Brexit shows detaching from a union after fewer than 50 years was not easy, so how can we unpick a United Kingdom which had lasted for centuries?

'Undemocratic' Westminster

I suggest two solutions. The first is a federal United Kingdom based on more devolution and a profound shake-up of institutions, especially Westminster. The Westminster parliament is not seen around the world as "the Mother of Parliaments" nor are our institutions "the envy of the world."

Westminster is a clapped out undemocratic structure invented in the era of the horse and cart in which the current government - like those of Tony Blair and Gordon Brown - claims an enormous parliamentary majority based on a clear minority of the vote, (just 43.6% for the Tories in 2019).

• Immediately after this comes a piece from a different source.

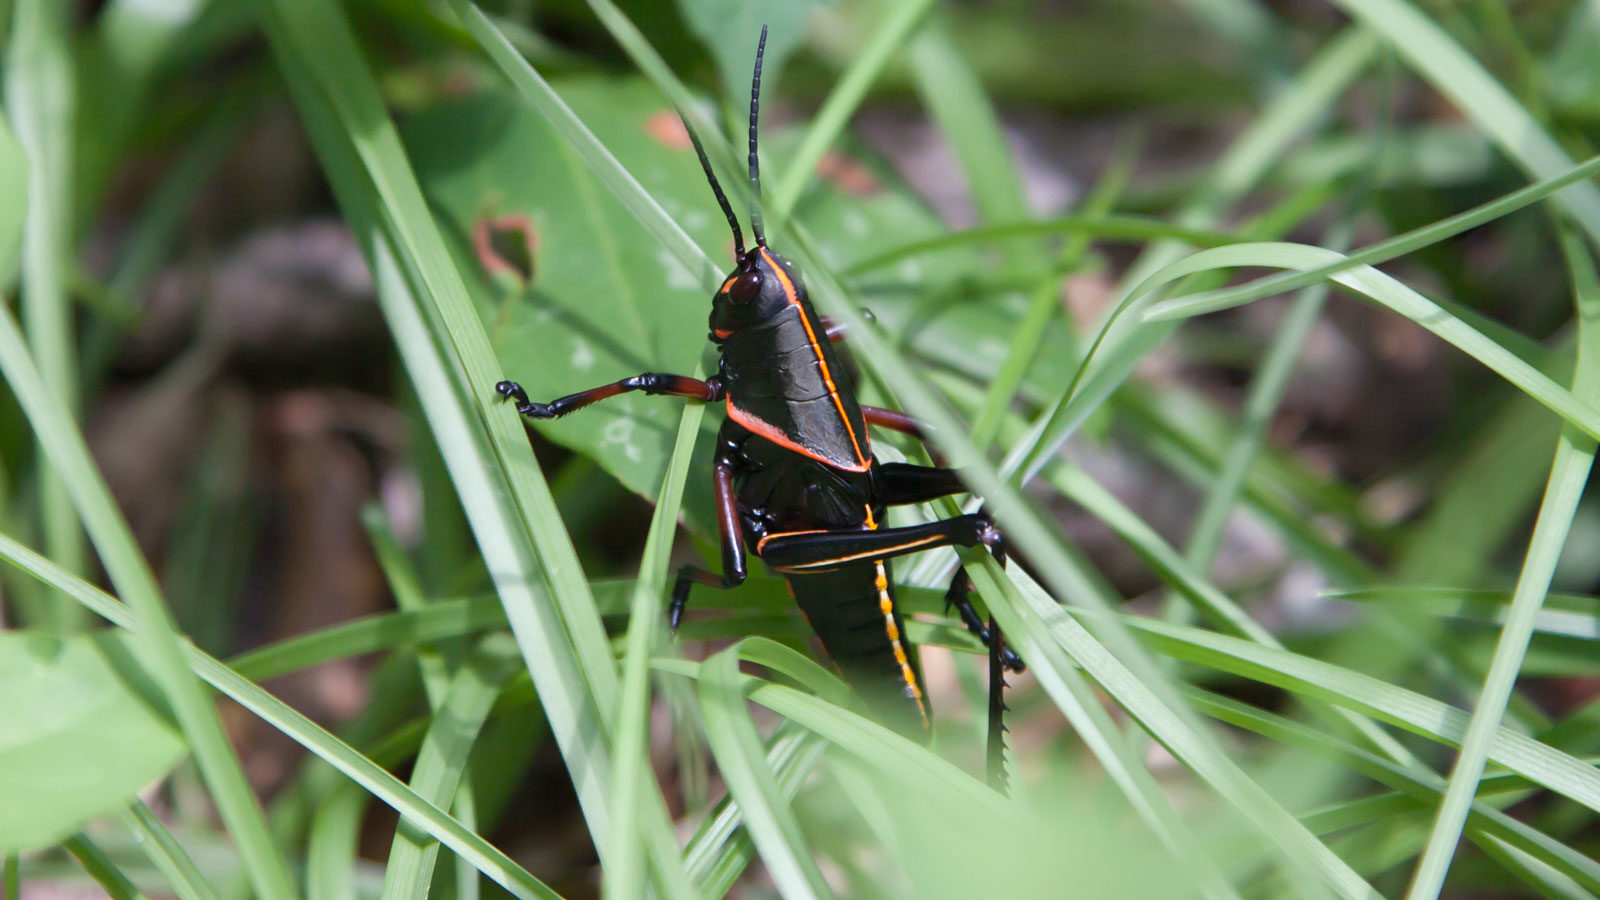 Eastern lubber grasshopper nymph in the grass

Ffynhonnell y llun, WPA Pool
Disgrifiad o’r llun,

The democratic institutions of the UK is in need of a 'profound shake-up' according to Gavin Esler

Moreover, no modern European state has an unelected upper chamber. British experts have written constitutions for dozens of other countries, but traditionally have wallowed in the "glories" of our supposedly "unwritten" (really, uncodified) constitution.

Too late for reform?

But a federal solution may come too late. Scots are "scunnered" (sickened) that in 2014 Westminster politicians promised that voting "No" to independence was the only way to guarantee staying in the EU. Those promises turned out to be false.

Unionists in Northern Ireland are semi-detached from the UK. In 1973 when we joined the EU the Irish Republic was (per capita GDP) much poorer than the UK. By 2020 it was much richer.

Wales, where polls suggest support for independence is growing, will make its own choices, but whatever happens Wales will be profoundly affected by events elsewhere.

Disgrifiad o’r llun,

Yes Cymru, the grass roots movement for Welsh independence has seen an increase in membership over the last year

If the United Kingdom becomes just England-and-Wales, will it still retain permanent membership of the UN Security Council? I doubt it. Where will all those nuclear-armed submarines currently in Scotland end up? Cardiff Bay? (No, but where?) And how far will Wales be a "priority" for a diminished England?

Former prime minister Gordon Brown suggests the UK risks becoming a failed state. Former Chancellor George Osborne fears that Boris Johnson could "lose" the union.

'How Britain Ends' is a book, not a prophecy, but it's also an indictment of those who wallow in the past and fail to think about the future.